>>>>>
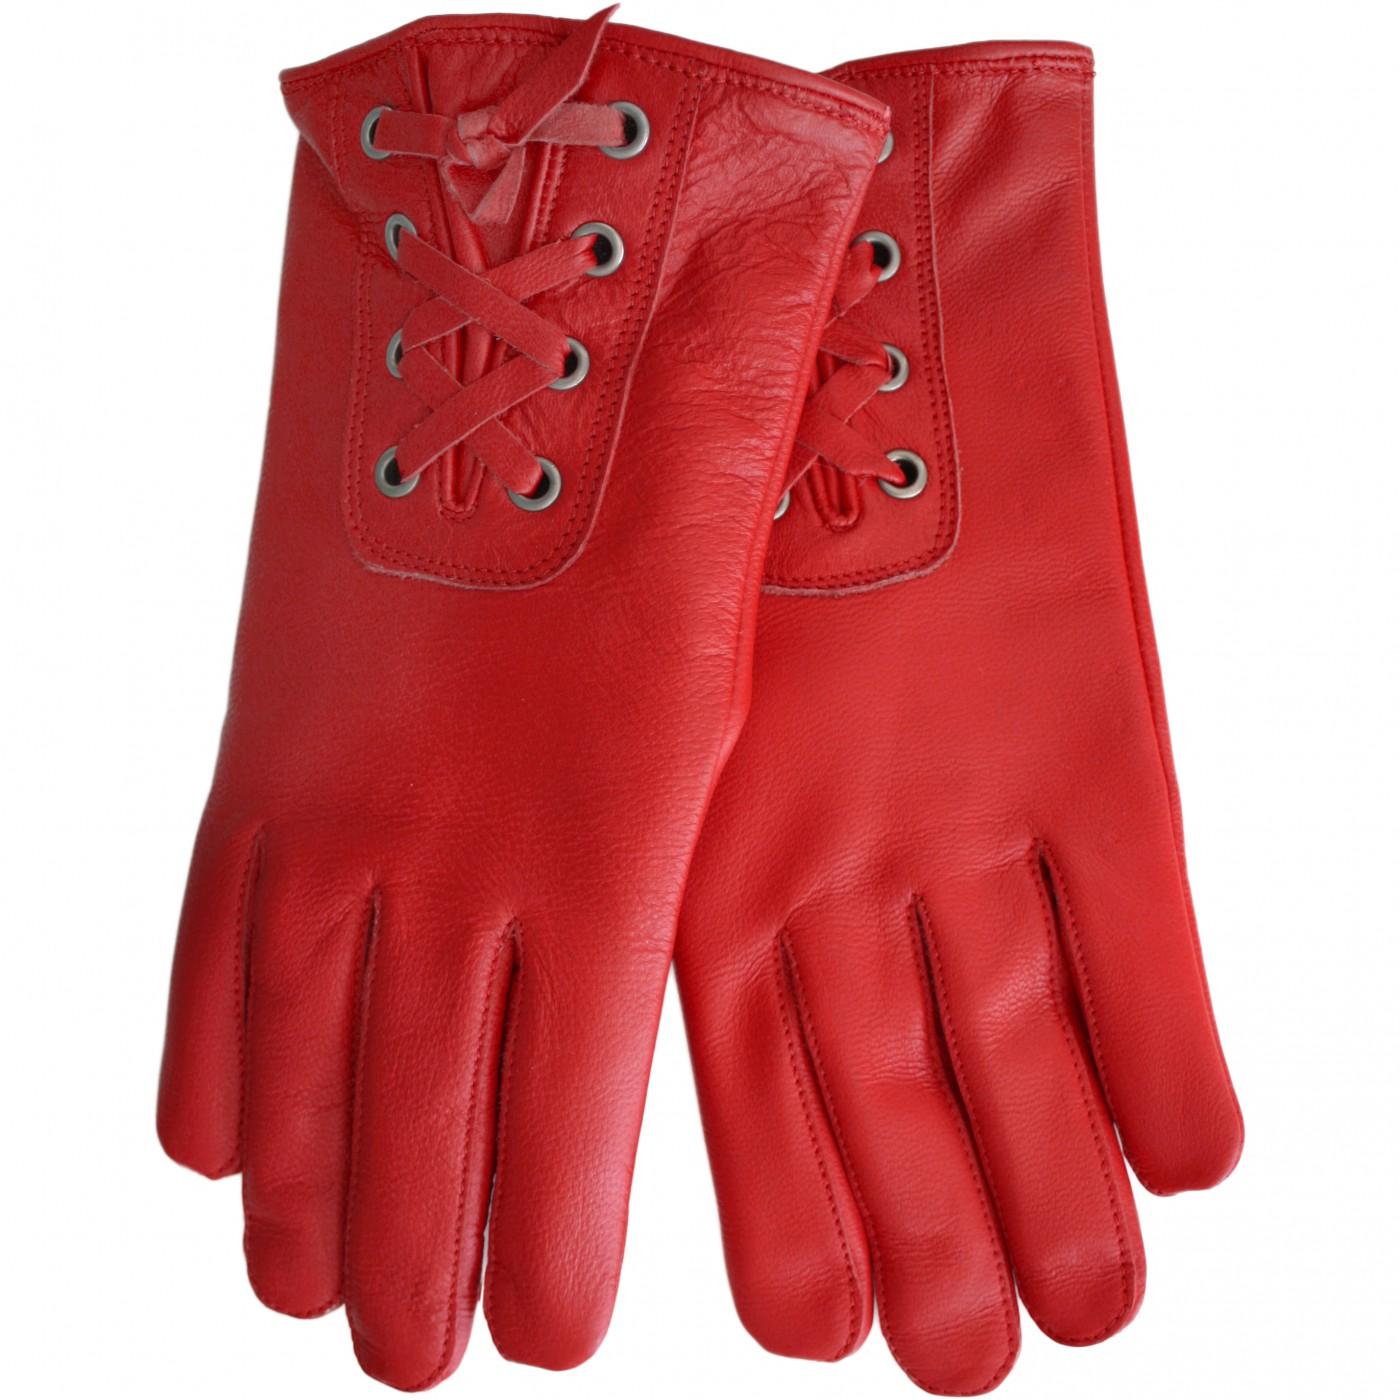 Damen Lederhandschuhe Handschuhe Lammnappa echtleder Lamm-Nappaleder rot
<<<<<
>>>>>
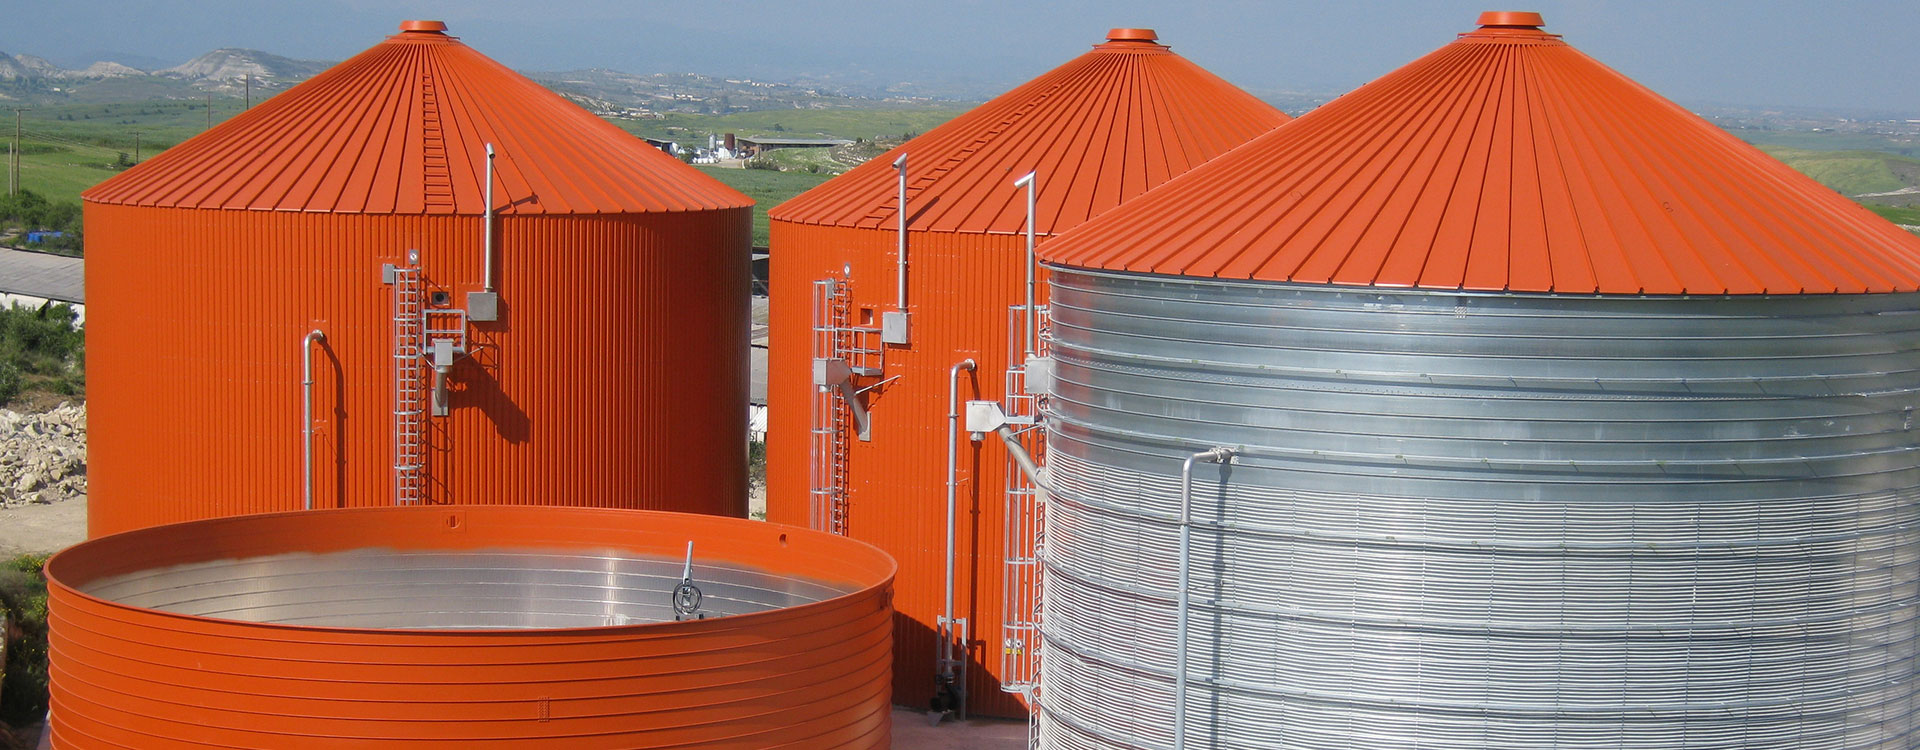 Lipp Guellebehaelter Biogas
<<<<<
>>>>>
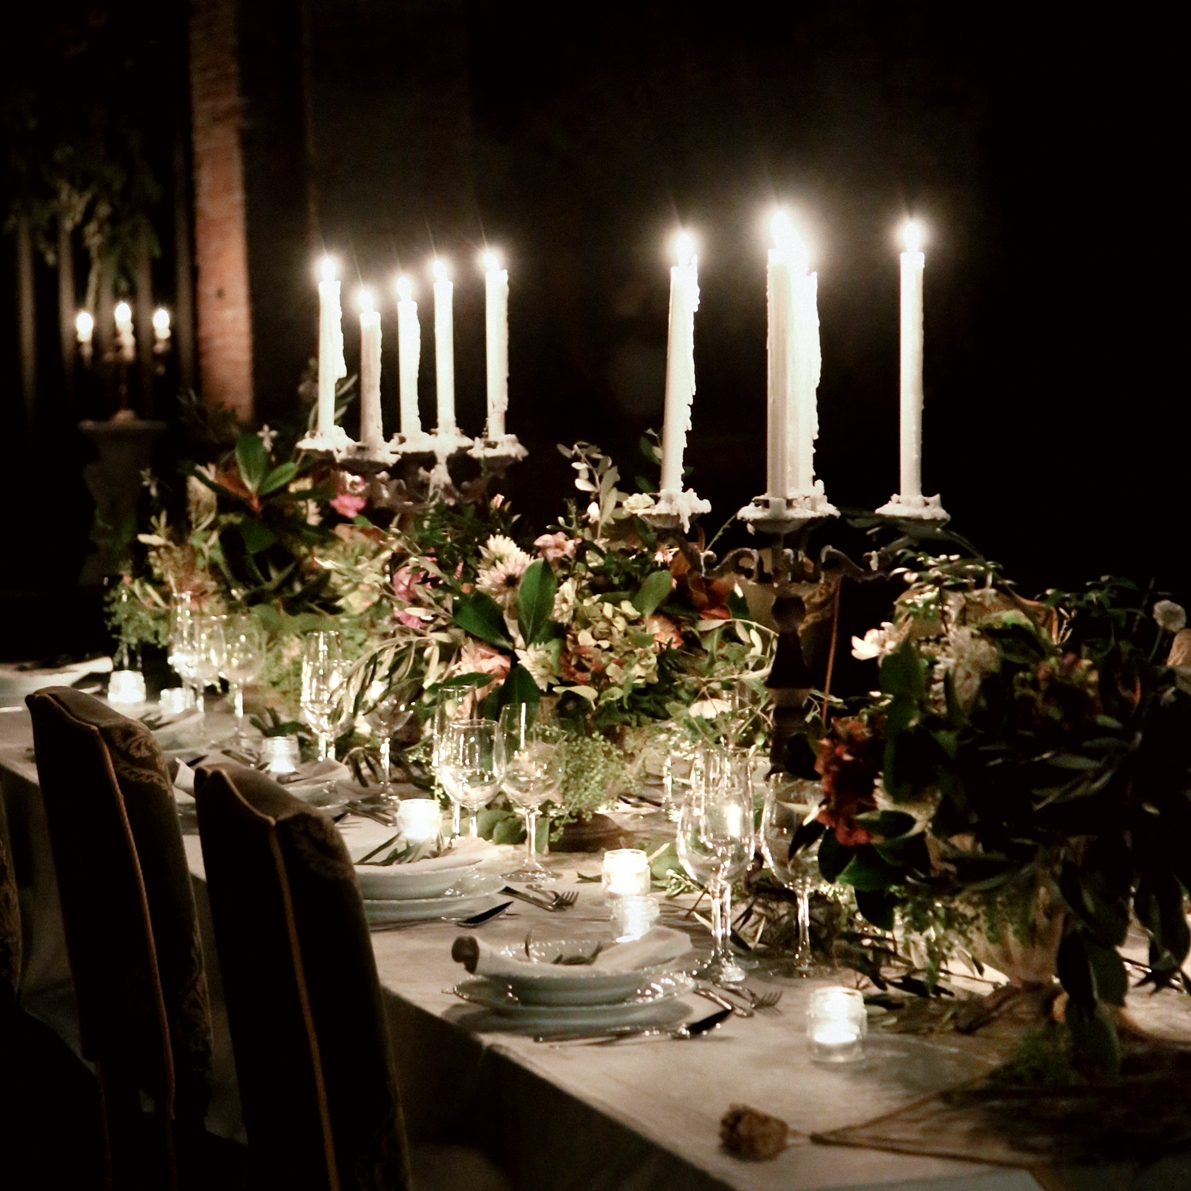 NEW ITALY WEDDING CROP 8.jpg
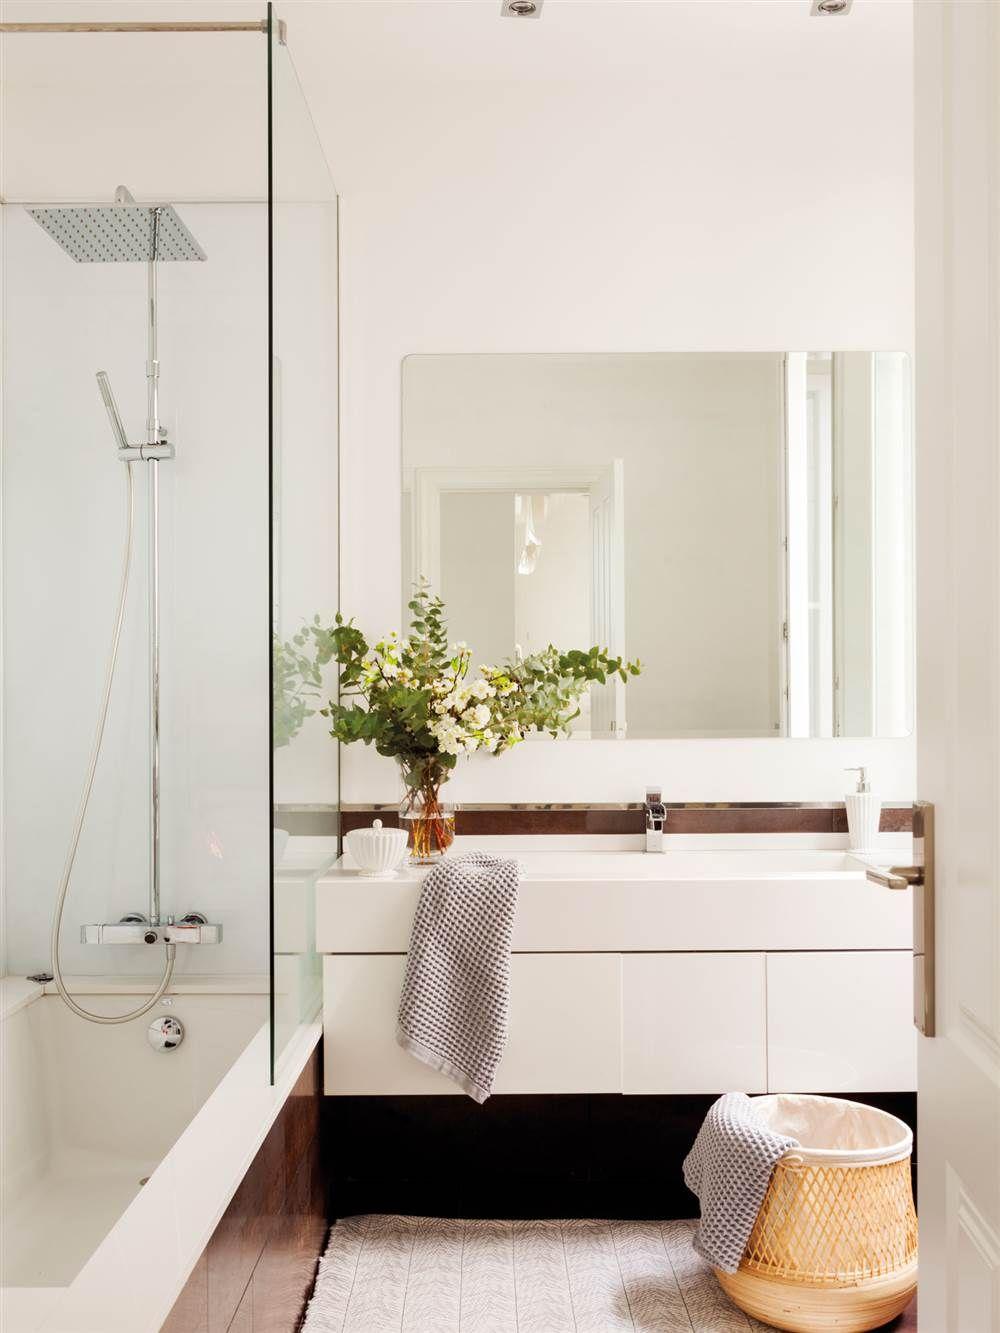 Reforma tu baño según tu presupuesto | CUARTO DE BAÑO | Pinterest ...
<<<<<
Starting at the line above that has "NEW ITALY WEDDING CROP 8.jpg" and ending at the line that has "Reforma tu baño", copy each line exactly, leaving the pictures out and adding nothing.

Solved exercise
 NEW ITALY WEDDING CROP 8.jpg
 Reforma tu baño según tu presupuesto | CUARTO DE BAÑO | Pinterest ...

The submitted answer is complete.